Ultimately my loved ones' sure footing was enough to persuade that grieving wouldn't end me — that it needn't be done alone or held at bay. Together, we faced the unfathomable — a new hill we must climb.
The moment I slowed to consider the sheer magnitude of this loss, emotion instantaneously brimmed over. Copious lip curling, nose-scrunching, eyes-screwed-shut crying commenced. In private and in public, I sort of quiet-wailed (especially at the Maxey Center Celebration of Life; thanks for the tissues, Maureen and Bridget). However, I have good news to report — apparently salty, steamy, snotty tears sliding down cheeks and shoulder-shaking sobs are superior to fiction. When I opened my heart to bereavement, well, the words, they started flowing and this is what I heard:
Grief is lost love's most direct means of expression. Our hollowing out serves as an aching and sentinel reminder of the privilege of being loved and impacted. The chasm left behind is a testament of true measure. Acknowledging the new reality is what allows for the possibility of continued connection — keeping alive her legacy.
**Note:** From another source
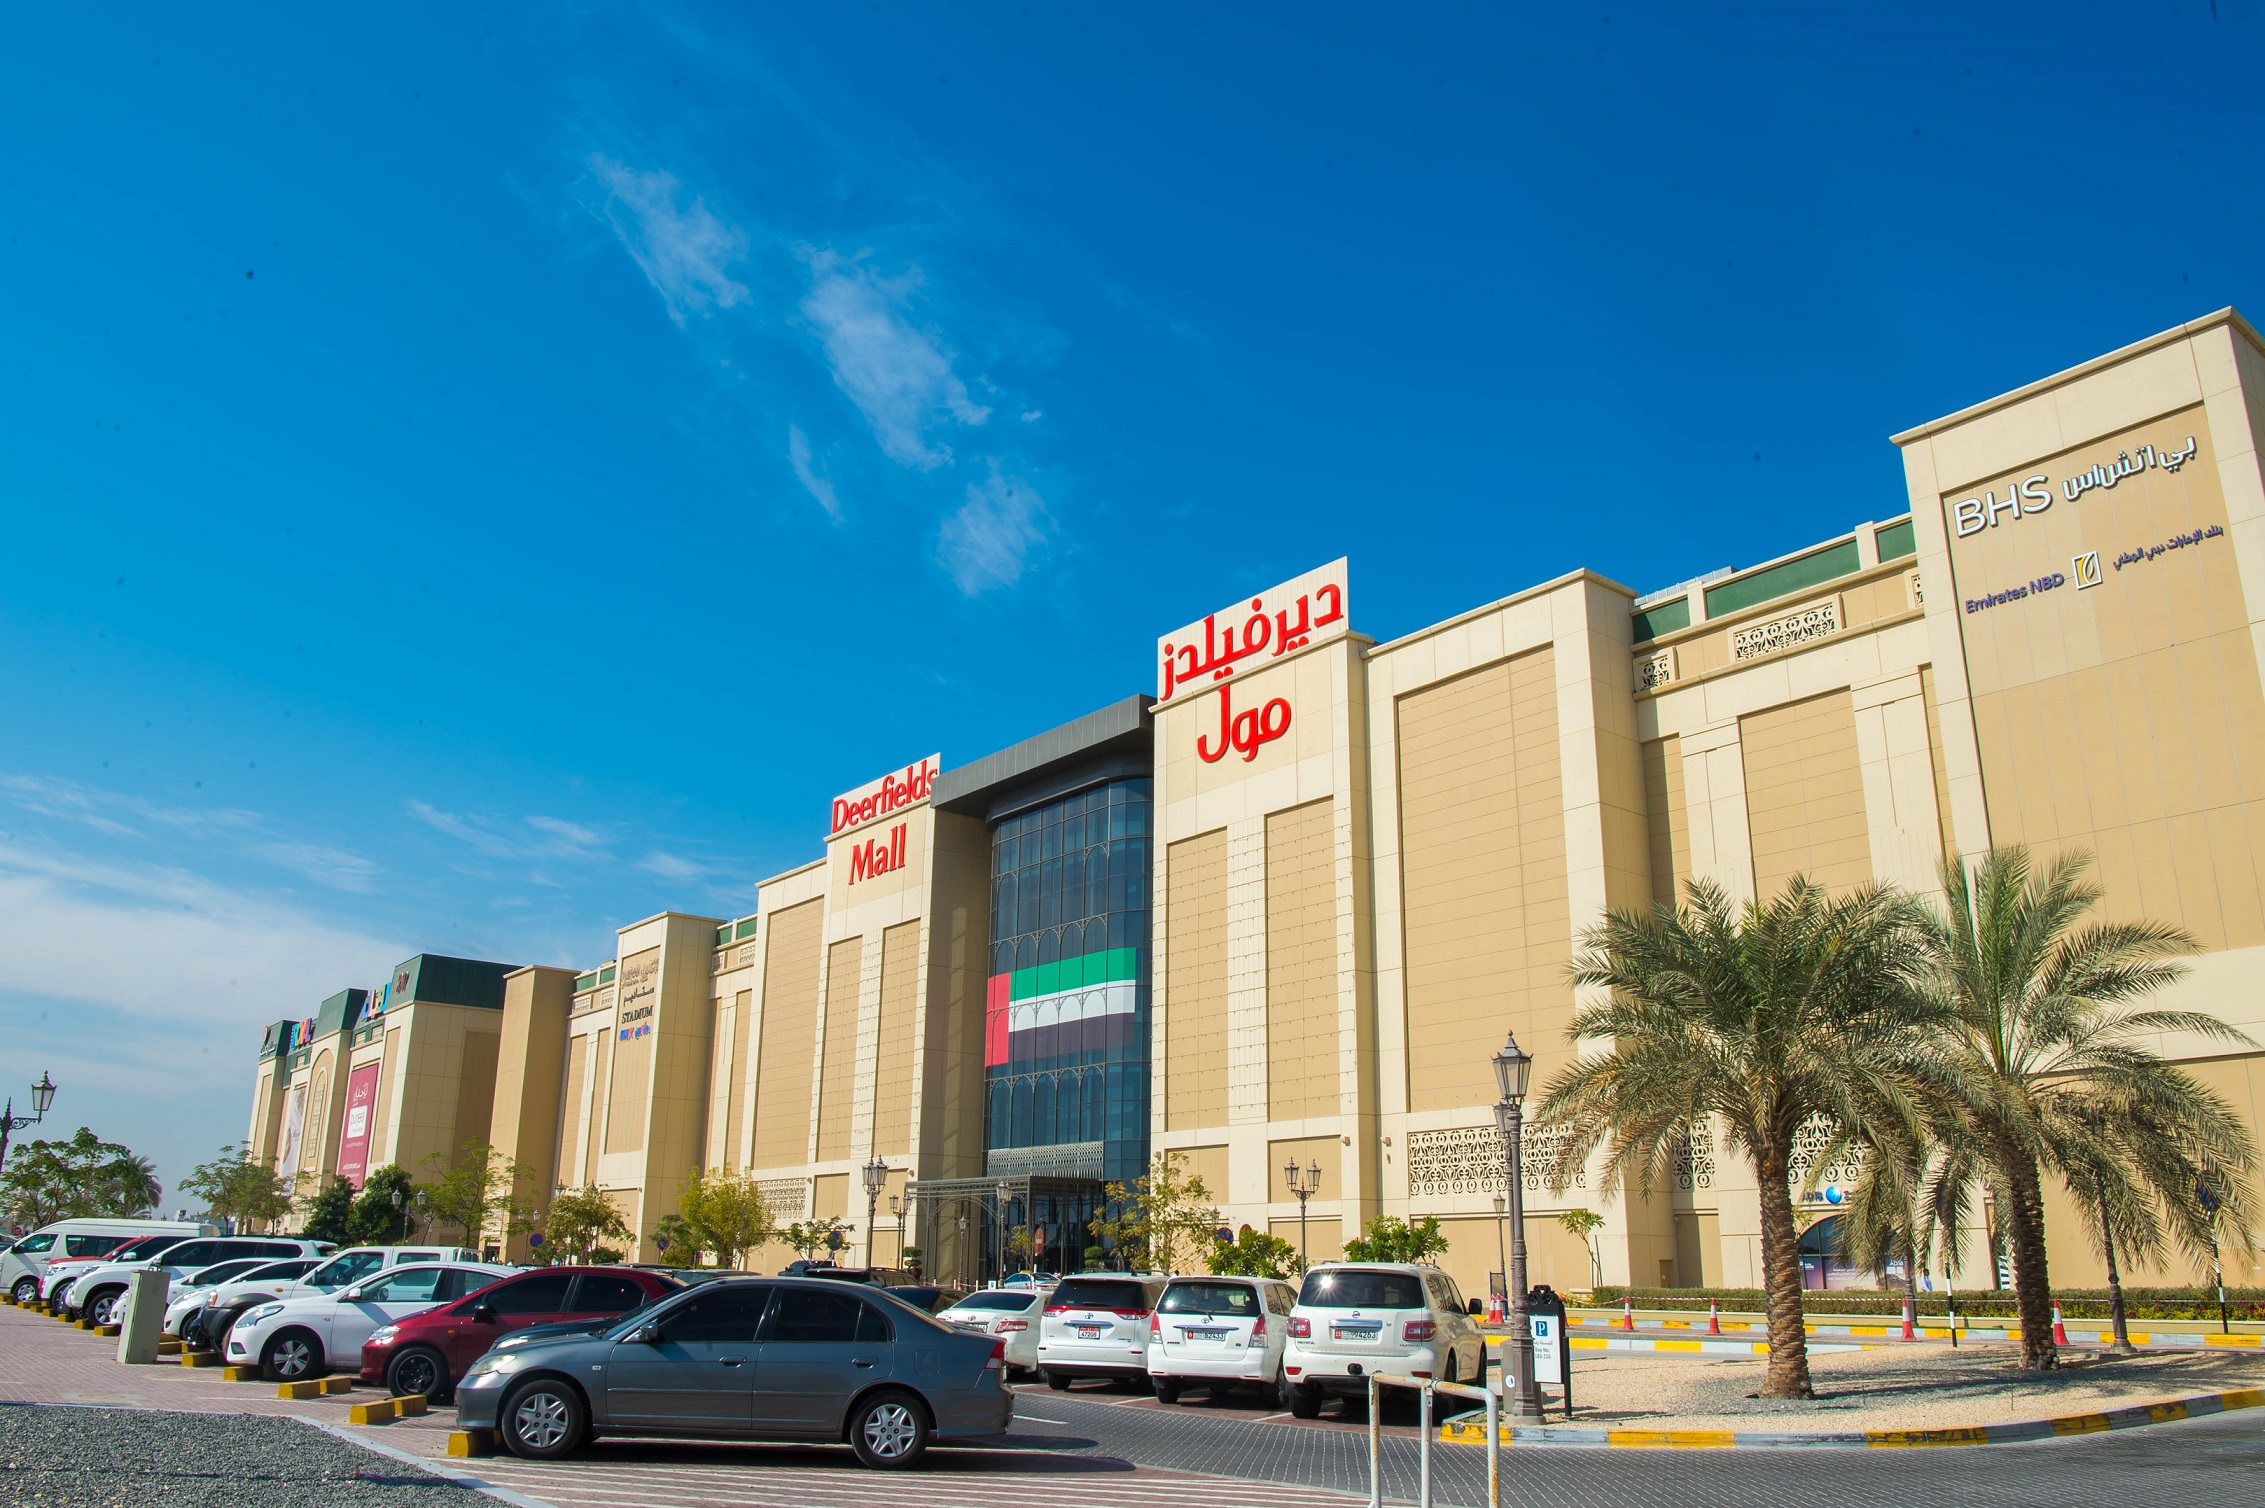 Deerfields Mall Reveals ‘Ahlan Eid’ with a chance to win Gold To Celebrate Eid Al Adha

So when the next edition of the Black Lens drops — sustainably funded and fostering new talent and voice — Sandy will be there.
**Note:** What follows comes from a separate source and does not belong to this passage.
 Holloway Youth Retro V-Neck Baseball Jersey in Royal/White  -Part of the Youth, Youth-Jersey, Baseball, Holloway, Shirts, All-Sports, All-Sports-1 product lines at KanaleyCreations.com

In each started project we bring into fruition and in every promise we made to her fulfilled, we'll see her slight nod.
The moment our city permanently fills, funds and fosters real accountability through an Office of Civil Rights, I can assure you we'll hear the old spiritual refrain, "It's about damn time."
When knowledge rests squarely in the fingertips of East Central in the new Maxey Library, you can bet we'll get a glimpse of that small, smirky smile.
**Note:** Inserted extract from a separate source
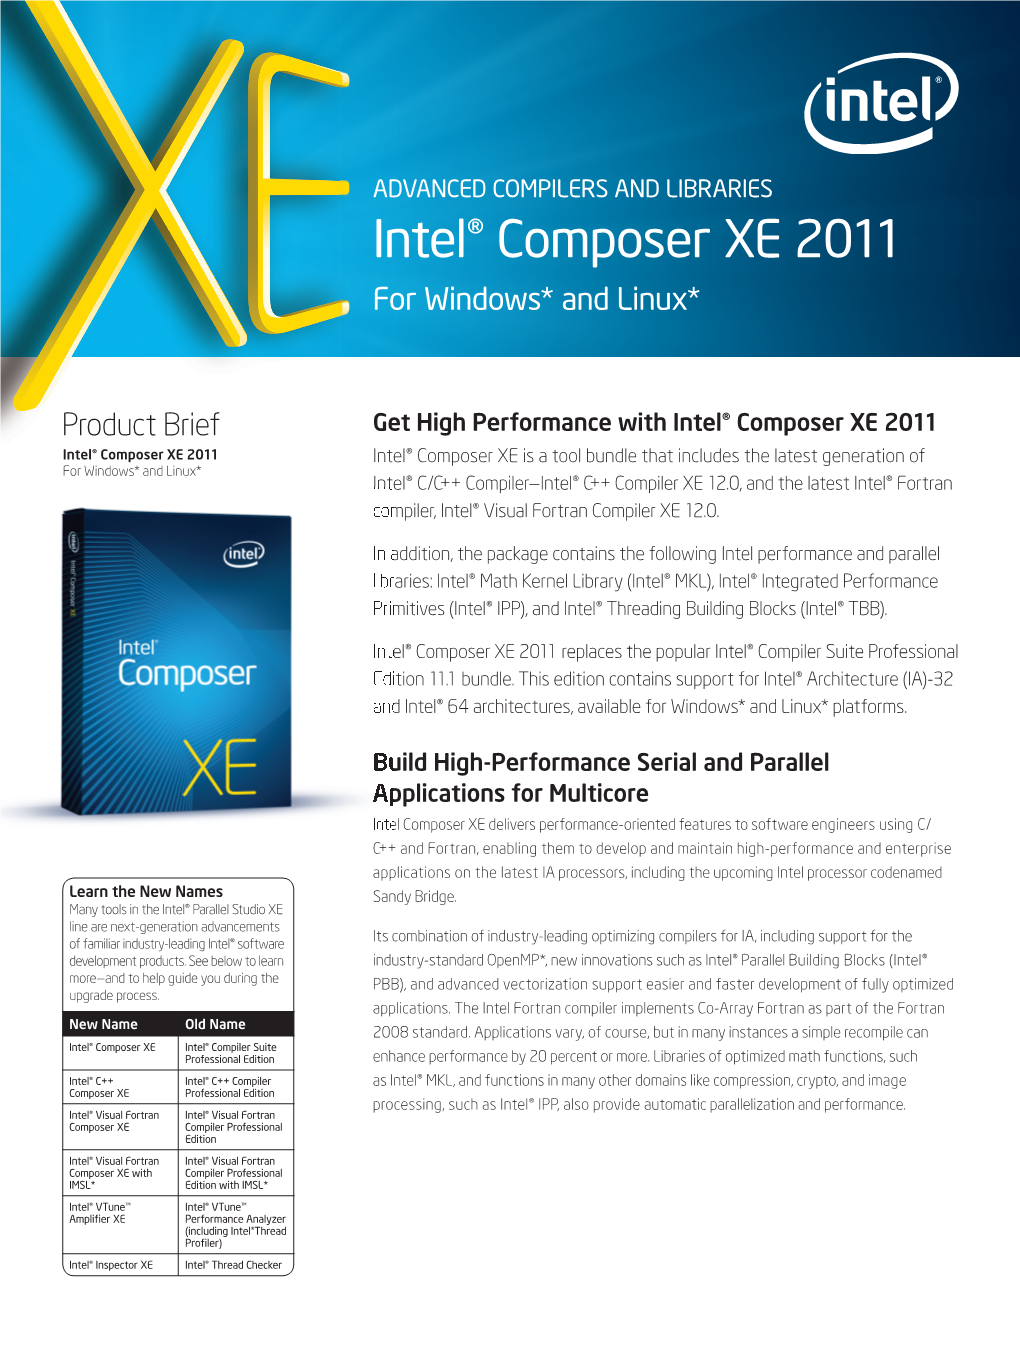 Intel® Composer XE 2011 for Windows* and Linux*

Every time a piece of SCAR's mission is accomplished, Sandy will stand beaming.
In the next community symphony pop-up or Black Violin performance, in equitable access to and the enjoyment of art — we can sense her presence.
When damaging horizontal oppression is quashed, I guarantee her rejoicing will be epic.
Hopefully this spring at the Black Owned Business Expo and voter drive, Sandy can rest feeling secure that the work she began continues.
In moments of Queer, BIPOC and, I say again, Blackity-Black-Black and ally excellence, she is bursting with Pride.
When the entire East Side is thriving, vibrant, appropriately resourced, well-appointed, repaired from the harmful freeway fracture, imbued with political agency and voice, she might be satisfied.
Through every success of her daughter, family, mentees or multiple communities, she remains.
In the finding, delighting, in the becoming, in being proud of who we are — as individuals and as a people — she celebrates alongside us.
When the Black Prisoners' Caucus receives its Pulitzer, Sandy may do a little dance.
In any equitable city ordinance, county budget appropriation, criminal justice reform bill passed, her hands will lay atop those who sign them into being.
With each authentic story of transformation captured and told, Sandy Williams stays with us. ♦
Inga N. Laurent is a local legal educator and a Fulbright scholar. She is deeply curious about the world and its constructs and delights in uncovering common points of connection that unite our shared but unique human experiences.